Schlossberg also said policies backed by RFK could hurt cancer patients like her. Caroline Kennedy urged senators to reject his confirmation.

“As I spent more and more of my life under the care of doctors, nurses, and researchers striving to improve the lives of others, I watched as Bobby cut nearly a half billion dollars for research into mRNA vaccines, technology that could be used against certain cancers,” the essay reads.

Schlossberg wrote about her fears that her daughter and son won’t remember her.
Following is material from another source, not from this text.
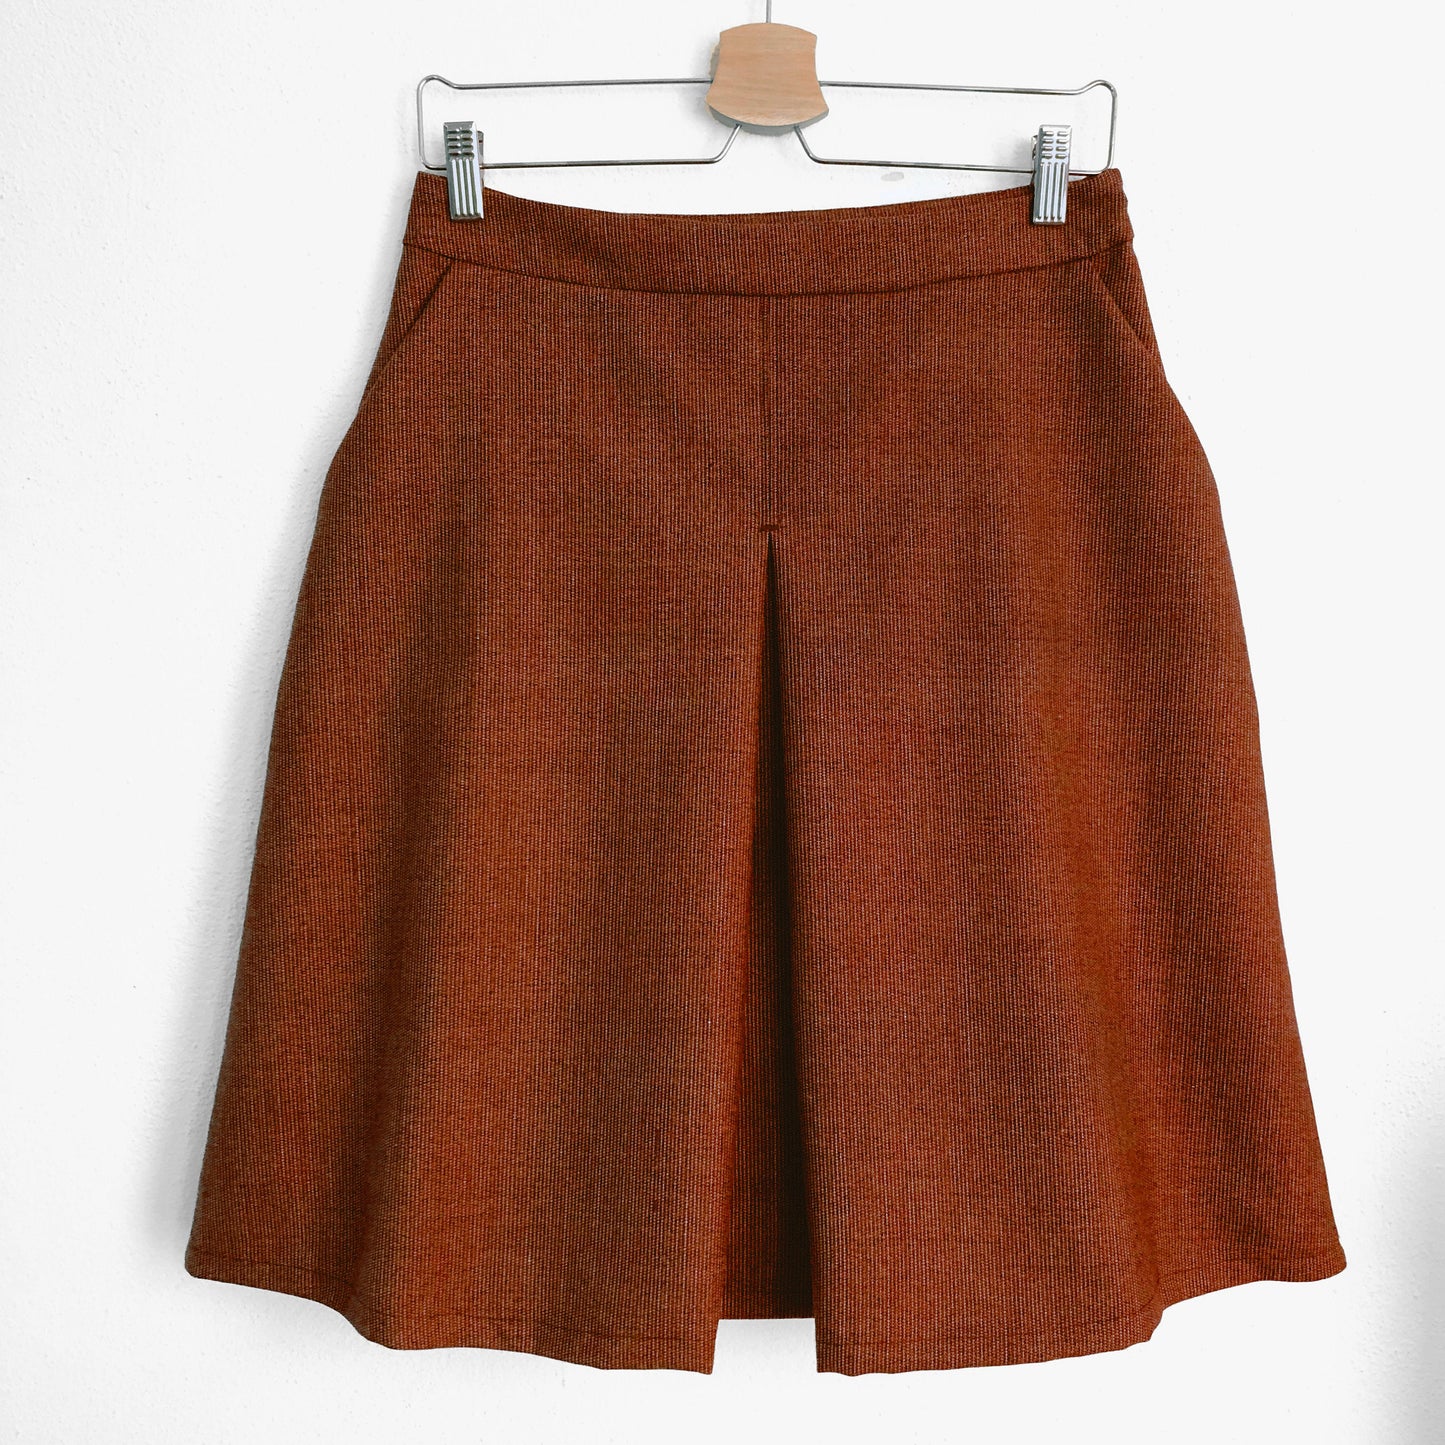 EMILY skirt - sewing pattern

She feels cheated and sad that she won’t get to keep living “the wonderful life” she had with her husband, George Moran. While her parents and siblings try to hide their pain from her, she said she feels it every day.

“For my whole life, I have tried to be good, to be a good student and a good sister and a good daughter, and to protect my mother and never make her upset or angry,” she said. “Now I have added a new tragedy to her life, to our family’s life, and there’s nothing I can do to stop it.”